Чем ближе казалась победа, тем напряжённее думал Солженицын о послевоенном времени. Последний год и особенно встреча с женой на фронте навсегда отделили его от прежней жизни, не оставляя никаких иллюзий, никаких надежд на семейную безмятежность. «Моя активность, — писал он жене, — не дает мне возможность смотреть спокойно, пассивно на общественные беспорядки, общественную несправедливость, экономическую неустроенность, хождение наглых, но никем не опровергнутых мнений, неправильное освещение современной истории… Всё это с неудержимой силой толкает меня к бурному вмешательству в политическую жизнь». Литература виделась самой действенной формой борьбы — но если она не оправдает себя, он займётся публицистикой, ораторством, партийной работой.
Он чувствовал, что его планы всё больше устремляются к борьбе, что он всё меньше живёт лично для себя, что его цели не обещают никаких благ, никакого личного успеха. На осторожные расспросы жены — где и как они будут жить после победы, — он, едва сдерживая раздражение, отвечал, что не хочет и не может рассуждать в разрезе личного счастья. Волнующим чтением той поры стала стенограмма XIV съезда ВКП(б) — она попалась случайно, но убеждала в мысли, что по сравнению с одной удавшейся книгой о Ленине или о процессах 30-х годов счастливая семейная жизнь будет иметь для него десятистепенное значение. Он чуял вызов времени и готовился к жизни подвижника (от слова «подвиг», разъяснял он жене, объясняя ей свой символ веры). Шансы остаться вместе сохранялись постольку, поскольку она приняла бы эту веру как свою, поскольку смогла бы полюбить его дело больше его самого, поскольку впилась бы в его труд так, чтобы их интересы переплетались не в тихом эгоистическом счастье, а в одной общей работе.
Он отдавал себе отчёт, насколько трудна поставленная цель для мозга, тела и жизни одного человека и насколько сам он мал перед великанской задачей, и всё же готов был рассчитывать только на себя (быть может, ещё и на Виткевича). Он — заглядывая в мирное время из блиндажа последней военной зимы, — видел себя писателем, которого не будут печатать, думал о нищете и невзгодах, которые обрушатся на него и на его близких. Ни для кого и ни для чего он не имел права жертвовать поприщем, которое в январе 1945-го твёрдо называл «борьбой». Прислушиваясь к себе, Солженицын убеждался, что не дрогнет, ибо сойти с пути — значит потерпеть крушение, как терпит крушение поезд, на сантиметр сошедший с рельсов.

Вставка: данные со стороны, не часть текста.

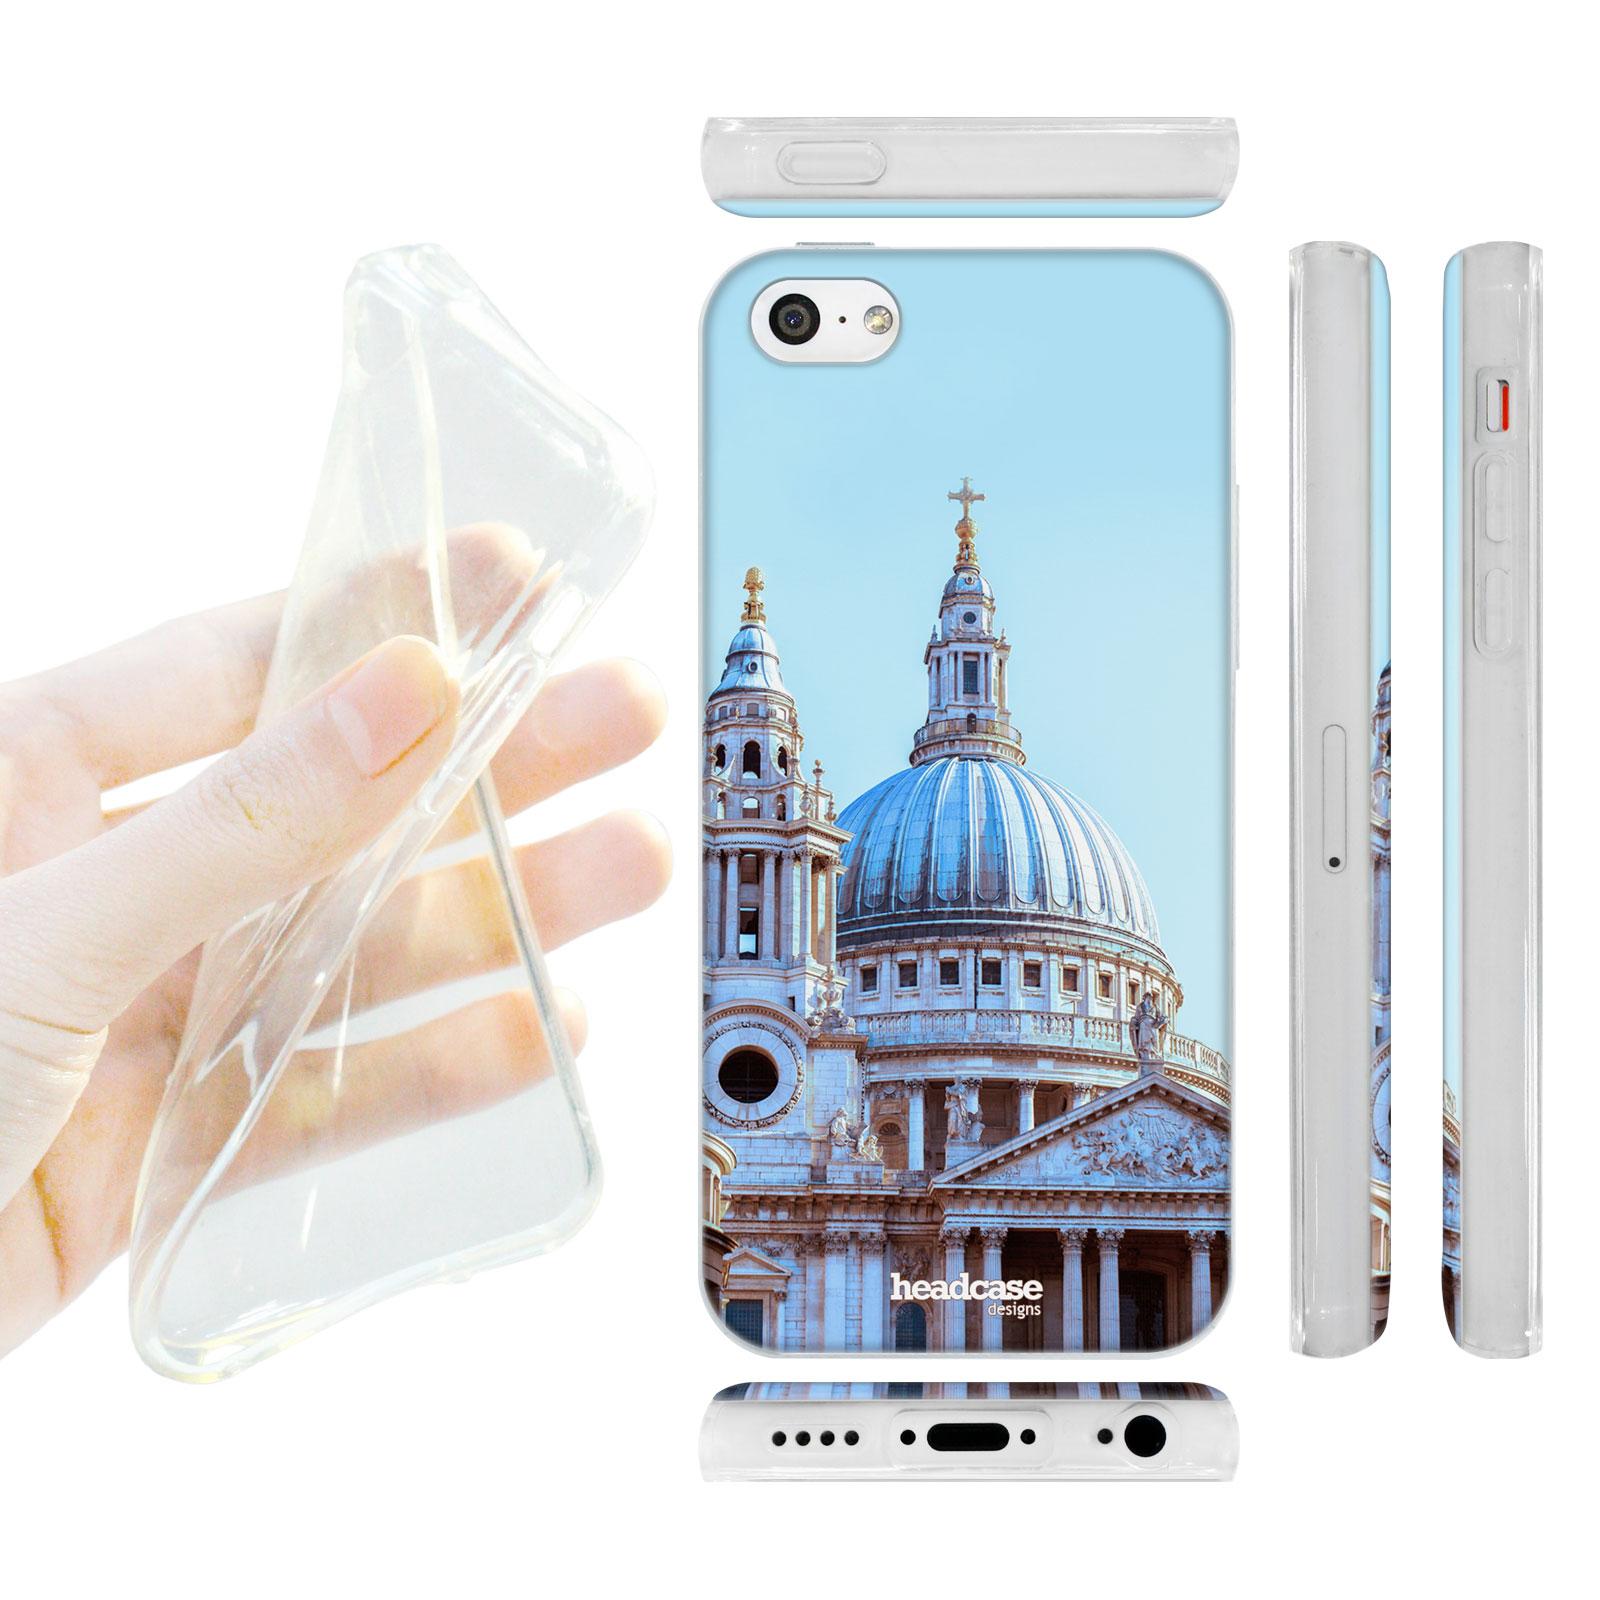 2f201bbb0 HEAD CASE silikonový obal na mobil Iphone 5C krásná místa Katedrála svatého

В ночь на 11 декабря 1944-го (ему исполнялось двадцать шесть) и в канун нового года Солженицын подводил итоги прожитого и, уже совершенно угадав свою судьбу, заблуждался только в одном-единственном пункте — бороться предстояло несомненно, но совсем не за то.

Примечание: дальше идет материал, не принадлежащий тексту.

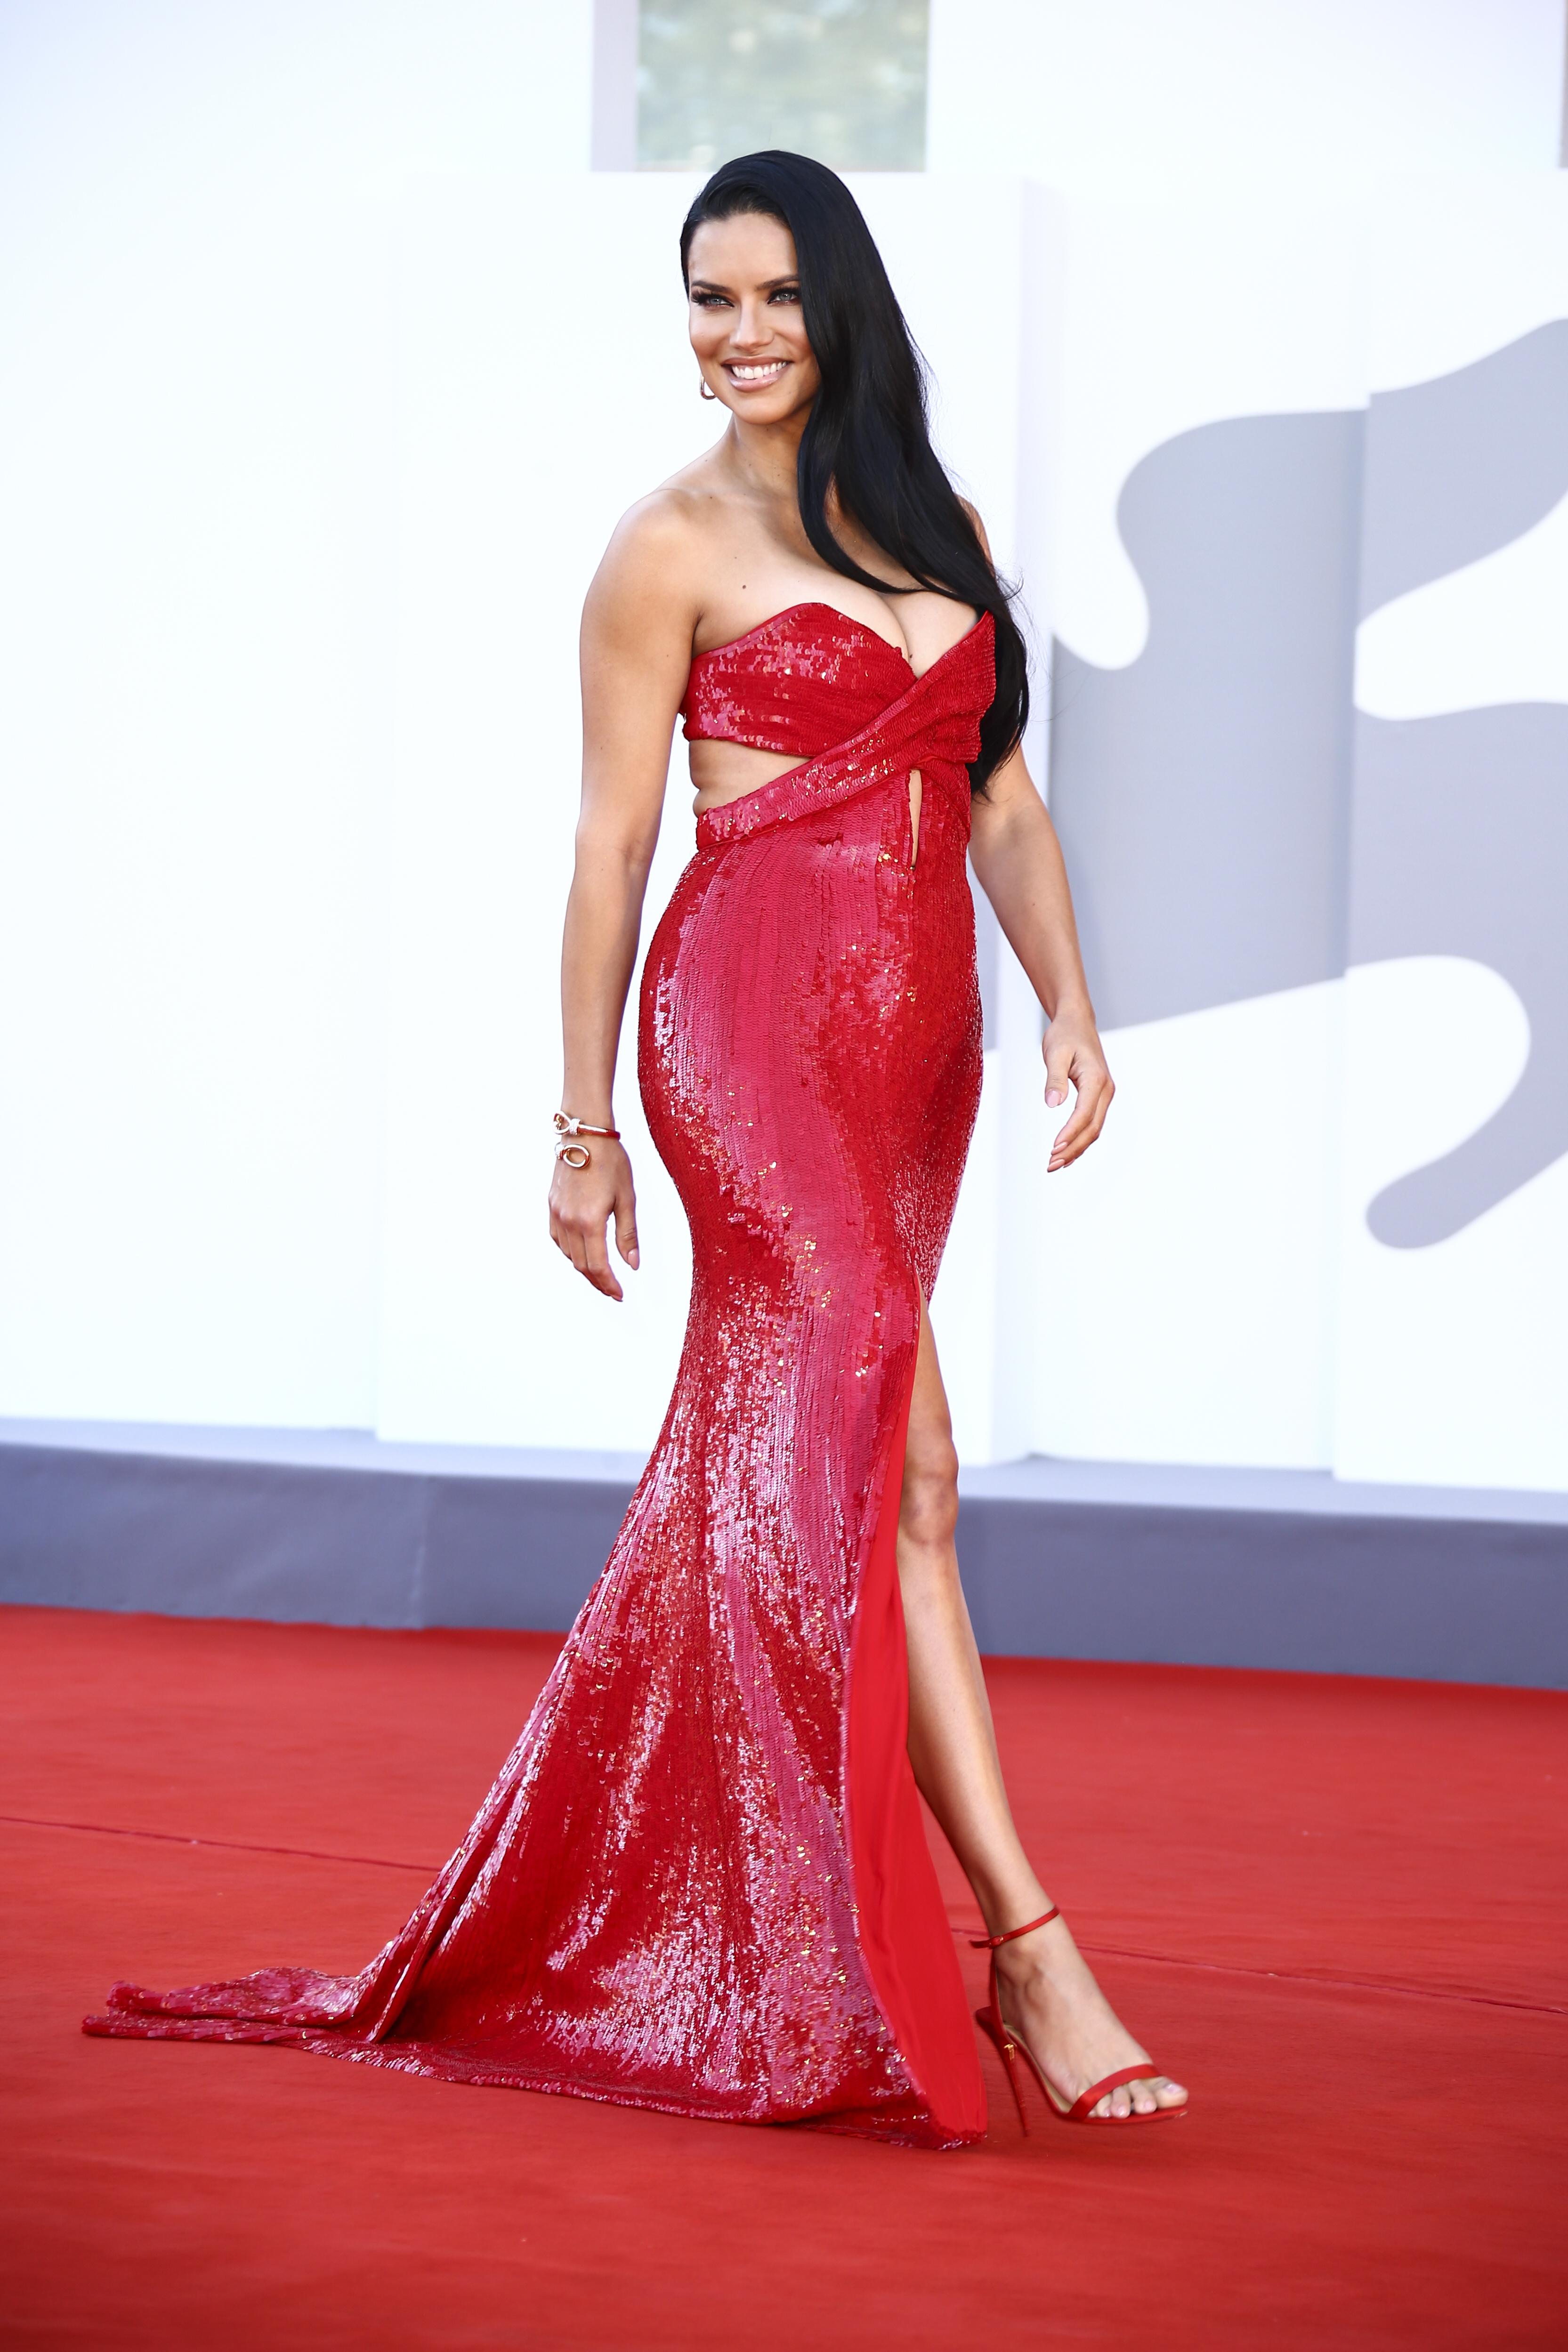 Adriana Lima indossa un maxi abito rosso scintillante con un lungo spacco.  C'è un taglio del corpetto del vestito.

... Новый 1945 год комбат Солженицын встретил в своём маленьком хозяйстве: с вечера дали электричество от движка на ЦС и в батарейный клуб, слушали музыку по радио, устроили общий ужин, концерт художественной самодеятельности, коллективное пение и пляски. В полночь отсалютовали фрицам, и потом комбат выходил любоваться лунной ночью — много курил и пребывал в прекрасном, лёгком настроении; впервые за пять лет его любимый праздник проходил весело и красиво; казалось, будто груз войны свалился с плеч, и вот-вот начнут сбываться великие планы.
В середине января сидение на наревском плацдарме закончилось. В ночь на 14-е из штаба дивизиона пришло предписание, которое надлежало прочесть вслух личному составу батареи в 4.50 утра: «Солдаты, сержанты, офицеры и генералы! Сегодня в пять часов утра мы начинаем своё великое последнее наступление. Германия — перед нами! Ещё удар — и враг падёт, и бессмертная Победа увенчает наши дивизии!..» Дней пять шли с боями по территории Польши, а от прусской границы, которую миновали 20 января, «будто сдёрнули какой-то чудо-занавес: немецкие части отваливались по сторонам — а нам открывалась цельная, изобильная страна, так и плывущая в наши руки. Столпленные каменные дома с крутыми высокими крышами; спаньё на мягком, а то и под пуховиками; в погребах — продуктовые запасы с диковинами закусок и сластей; ещё ж и даровая выпивка, кто найдёт». Войска двигались по Пруссии будто по незнакомой планете — в каком-то хмельном угаре; привыкнув к нищете среднерусских и белорусских деревень, поражались, видя повсюду крепкие шоссейные дороги, добротные дома. «Не как в Польше, не как дома: / Крыши кроют — не соломой... / А сараи как хоромы!» Теперь всё это богатство было обречено огню, который оставляли врагу на вечную память…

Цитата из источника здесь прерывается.